L'entente de cinq pages stipule qu'elle équivaut à 300 nouveaux permis de taxi dans le marché, sur la base d'une offre de 50000 heures de service d'Uber par semaine. Les représentants des taxis objectent que cela représente dans les faits beaucoup plus. Le calcul gouvernemental est basé sur une utilisation d'un permis 24 heures par jour, ce qui ne serait pas la norme, font-ils valoir.

Uber devra se doter d'un permis d'intermédiaire en services de transport par taxi. La multinationale aura la responsabilité de s'assurer que ses chauffeurs sont titulaires d'un permis de classe 4C et détiennent les assurances nécessaires, de vérifier leurs antécédents judiciaires, que les véhicules sont immatriculés et identifiés correctement et qu'ils ont fait l'objet d'une inspection mécanique.

Les chauffeurs déjà inscrits à Uber au 17 août obtiennent un délai de grâce de 90 jours pour remplir l'ensemble de ces conditions. Les autres doivent s'y soumettre avant de prendre des clients.

Documents mensuels

Chaque mois, Uber devra fournir au ministère des Transports du Québec des documents et des rapports qui démontrent que les obligations de l'entente sont respectées.

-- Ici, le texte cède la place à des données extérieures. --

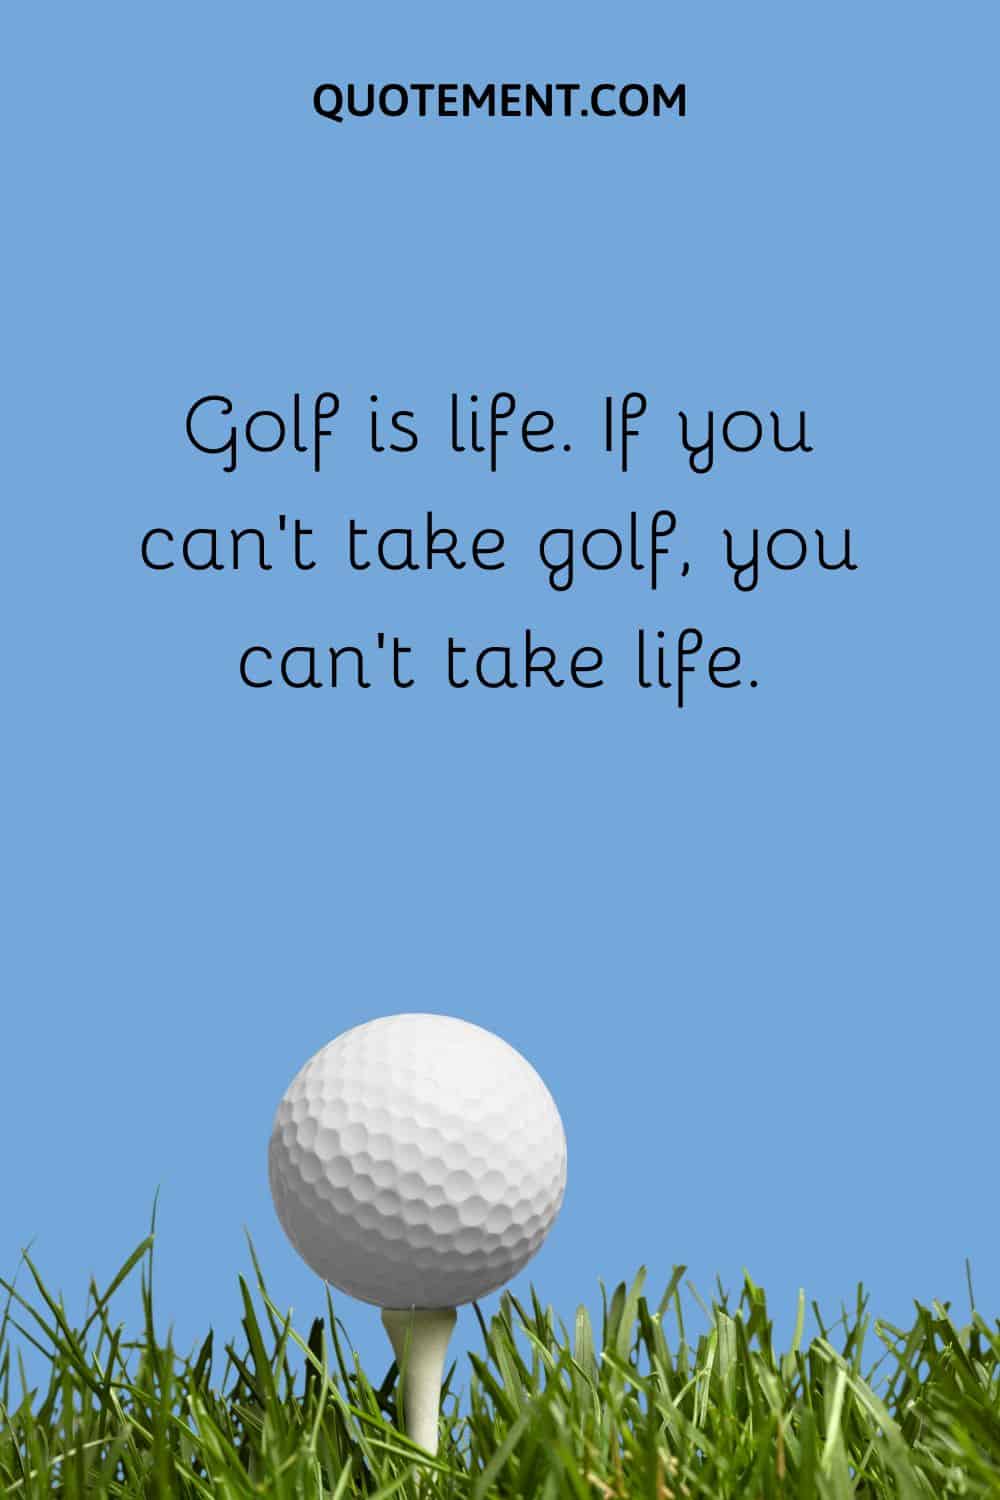 Golf is life. If you can’t take golf, you can’t take life.

En plus de la TPS et de la TVQ, les «chauffeurs-partenaires» devront payer 90 ¢ par course pour le premier bloc de 50 000 heures hebdomadaire. Cela augmente à 1,10 $ la course jusqu'à 100000 heures et 1,26 $ jusqu'à 150000 heures. Le tarif minimum de prise en charge est fixé à 3,45 $. Un 7 ¢ la course s'ajoute pour «tenir compte des coûts d'assurance encourus par l'industrie du taxi».

Les titulaires d'un permis de taxi conservent l'exclusivité des courses hélées, dans les postes d'attente, commandées au téléphone, les contrats gouvernementaux et l'accès aux voies réservées.

Uber conserve le droit de moduler ses tarifs lors de «cas de force majeure» sans dépasser 150 % du montant maximal permis aux taxis.

Au cabinet du ministre des Transports, Laurent Lessard, on insiste sur le fait que le projet pilote n'entrera en vigueur que dans 20 jours. L'attaché de presse Mathieu Gaudreault souligne que le ministre ne donne aucune indication aux contrôleurs routiers qu'il juge tout à fait capables d'effectuer leur travail «avec discernement».